The first time I heard about blockchain and cryptocurrency. My reaction was the same as many; I was both intrigued and fascinated. but when it came to exploring my first purchase, the main things I felt were confusion and intimidation. downloading your first wallet may seem like a daunting task but if you know and understand your options, getting a wallet or running the blockchain’s software becomes possible for any user.

First, let’s go over a simple definition. You may have heard the term “node” before. All it means is a computer running that blockchain’s software.

There are two MAIN types of nodes, and there are a couple sub-types that a fall into one of these two categories: a light client or a full node.

The main difference actually lies in the construction of a public chain. The whole idea behind a blockchain is that each computer running the software, or node, has a complete record of all previous transactions. In order get to a point where the node is functional, it first has to catch up with the data history of the blockchain. And those are a lot of transactions to sync. And this is not a quick process. The first time I tried to run a full node, it took me just over two days to sync the chain with my node.

There Must be a Quicker Way!

This was insanely frustrating, but there was another solution that I had yet to hear about, and that solution is light clients.

Light clients allow you to use the blockchain, but do not require you download the entire transaction history, Instead, these light clients only reference part of the transactions, which is a fraction of the data required to download compared to a full node. So there is not a long syncing process with light clients. I use light clients for my hot wallet, or “ready to spend” wallet, or when I simply don’t want to wait to download an entire chain.

It is important to note that a light client is referencing a trusted full node’s copy of the blockchain. The effect is that users are allowed to transact on the blockchain without downloading an entire copy of the blockchain. And this is no small file. The entire history of the blockchain has to be downloaded, and for Bitcoin, is about 200GB.

Obviously, if you have a device that doesn’t have that kind of memory or processing power, a full node isn’t really an option for you. Instead, you’re probably going to use a light client. Most mobile wallets are lite clients, as most cell phones don’t have the memory to run a full node. Downloadable light clients are also available for computers.
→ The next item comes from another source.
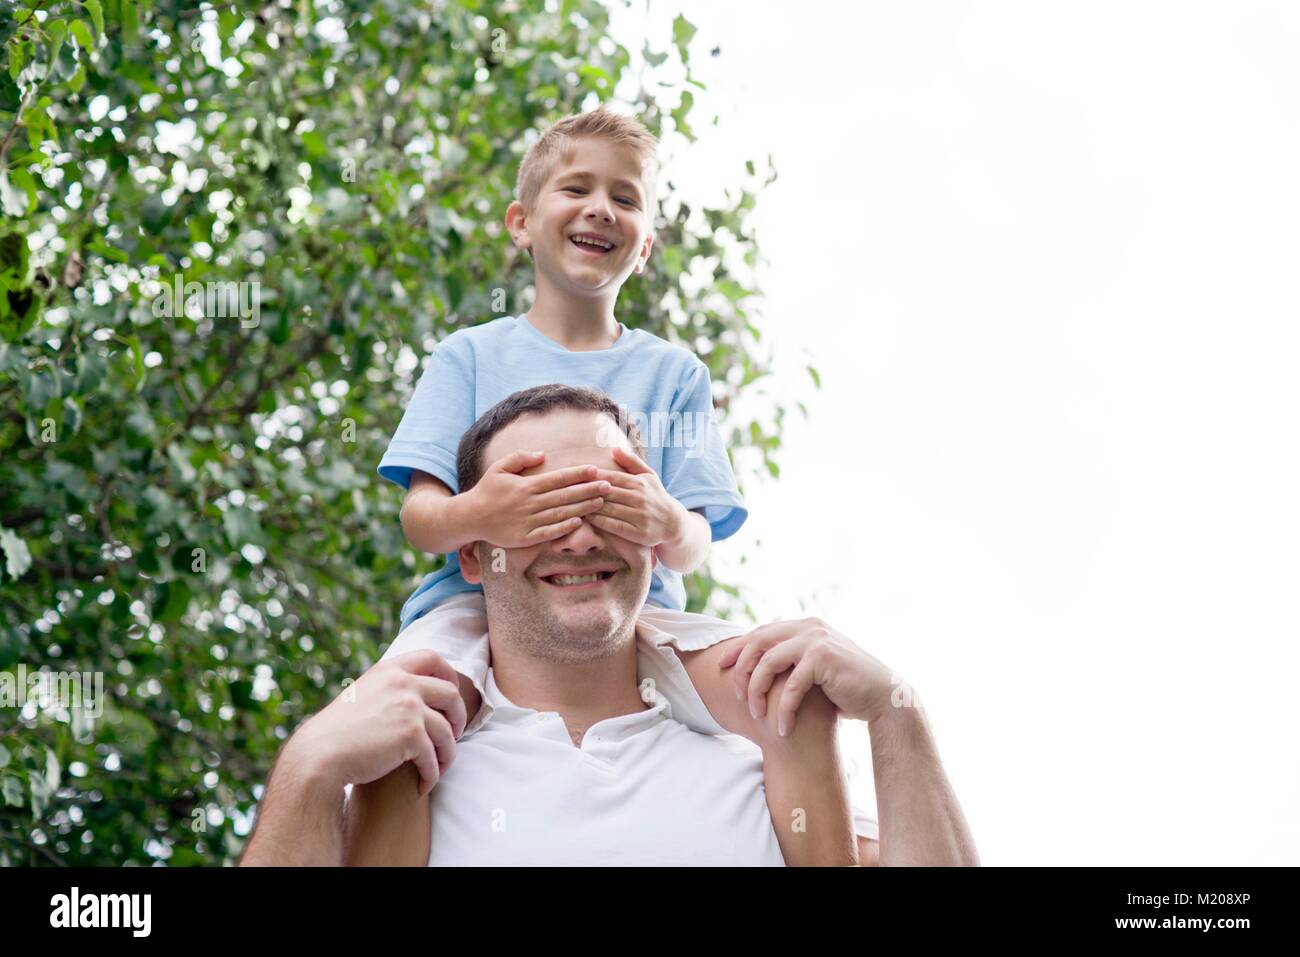 Father carrying son on his shoulders. Stock Photo

You may be thinking that light clients are the best way to interact with the blockchain, but there are some benefits from running a full node. Full nodes help process or validate transactions, they are the supervisors of the network, so if you’re interested in mining, you most likely have to be using a full node. These nodes also ensure security. If more people run full nodes, the network becomes more resilient and tougher to successfully attack. Full nodes contribute to the functionality of a network, by running a full node you’re helping support the network.

More Hashing Power = More Mining Rewards

There is an important sub-type of a full node, and that is a mining node. While running a node helps secure the network if you’re looking to mine cryptocurrency, well then you’re going to need to run a mining node. Like I said, this is a type of full node, but in a proof-of-work consensus, a mining node requires a lot more processing power than a simple full node and can eat up your power supply easily. Since each mining node is rushing to solve the same equation, miners often are competing, and the way to get an edge on the competition is to increase your hashing power. More hashing power equals more mining rewards.

The last distinction we’ll make is pretty network specific. Some networks use “supervisory” nodes that validate and process transactions. For example, Dash has masternodes. In order to run one of these nodes, you have to stake 1000 dash. Your node then has the responsibility of making sure every transaction processed is valid. In return, masternodes are given a designated part of each block reward.

So there’s our breakdown of each type of node. Hopefully we’ve helped you figure out which node is the right one for you!